How to tell if your mutual fund is dying

Investors need to pay attention to whether their actively managed mutual funds are shrinking, which can set off a host of problems. Above, Holy Cross Cemetery in Colma, Calif.
(Robert Durell / Los Angeles Times)

As many investors pull money from actively managed stock mutual funds, shareholders who stay put may face special risks.

For one, funds must have cash ready to pay investors who are bailing out. That may force a fund manager to sell securities in the portfolio — including stocks that the manager believes have great long-term potential.

Securities sales also may mean a fund will rack up capital gains. By law, fund taxable gains must be “passed through” to shareholders.
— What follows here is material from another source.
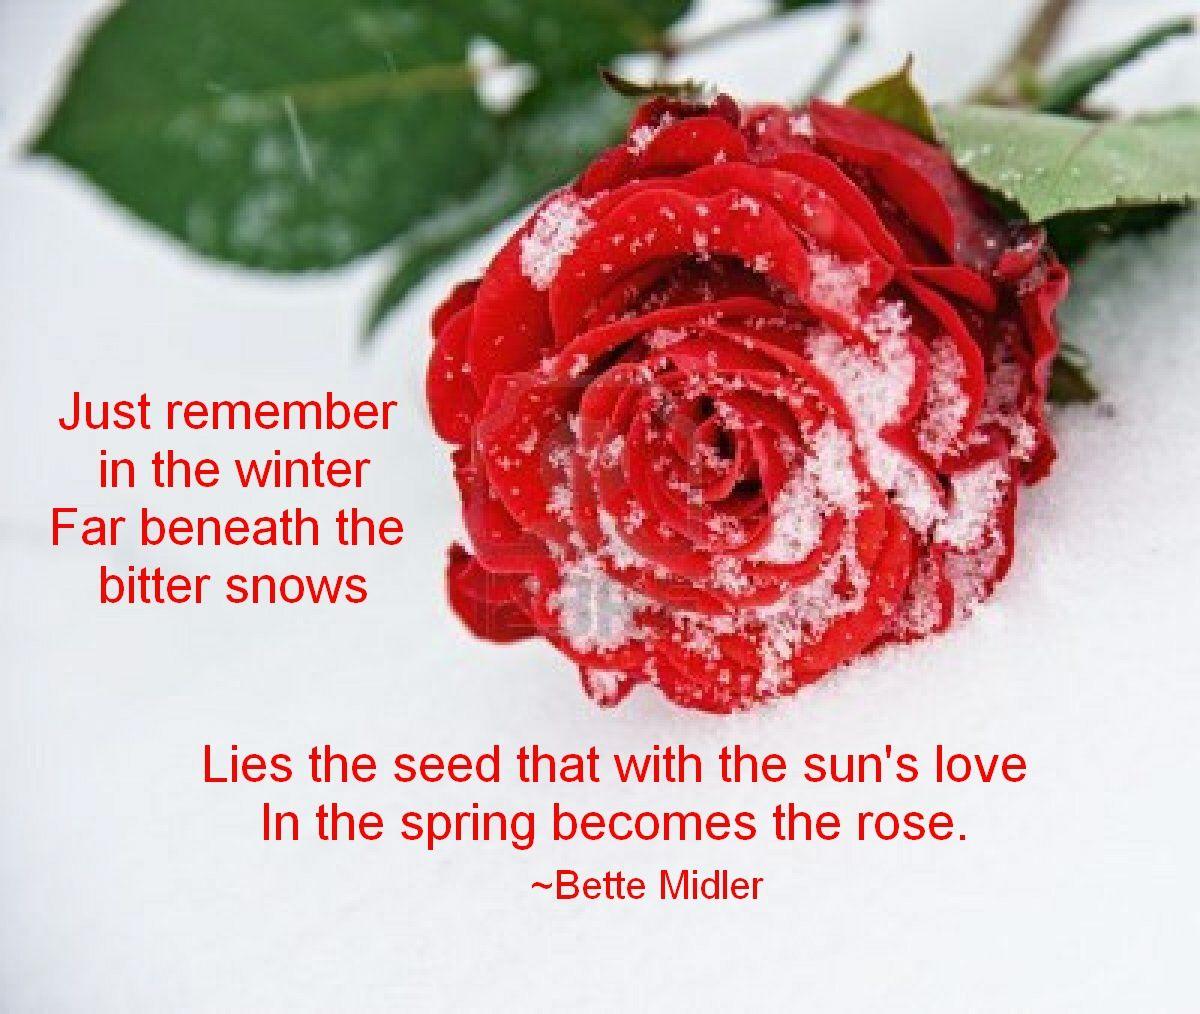 The Rose Bette Midler Quotes Quotesgram Bette Midler Rose Bette

So those who own a fund outside tax-sheltered accounts may find themselves saddled with a hefty tax bill that they hadn’t expected.


What’s more, managers of funds that are hit with heavy and sustained redemptions by shareholders can become hamstrung: Even if they find what they believe are good stocks to buy, they may lack free cash to deploy in new ideas.

Small investors’ move to ‘passive’ stock funds becomes a stampede »

Fund management fees also may become a bigger drag on performance as a portfolio shrinks because smaller funds typically cost more to manage (as a percentage of assets) than larger funds.

Historically, mutual fund companies have rarely liquidated troubled funds. Most of the time the parent company seeks to merge such funds into other funds that may or may not have the same investment objective as the dying fund.

A Vanguard Group study of funds that were either liquidated or merged from 1997 through 2011 found that, in the 18 months before their demise, dying stock funds performed significantly worse than the typical fund in their investment category.

And while shareholders may prefer merger to liquidation, Vanguard found that merged funds’ performance after joining together still lagged their benchmark index, on average.

The upshot, fund experts say, is that investors in actively managed funds should pay attention not just to performance but also to whether their fund is shrinking — and whether that’s becoming a problem.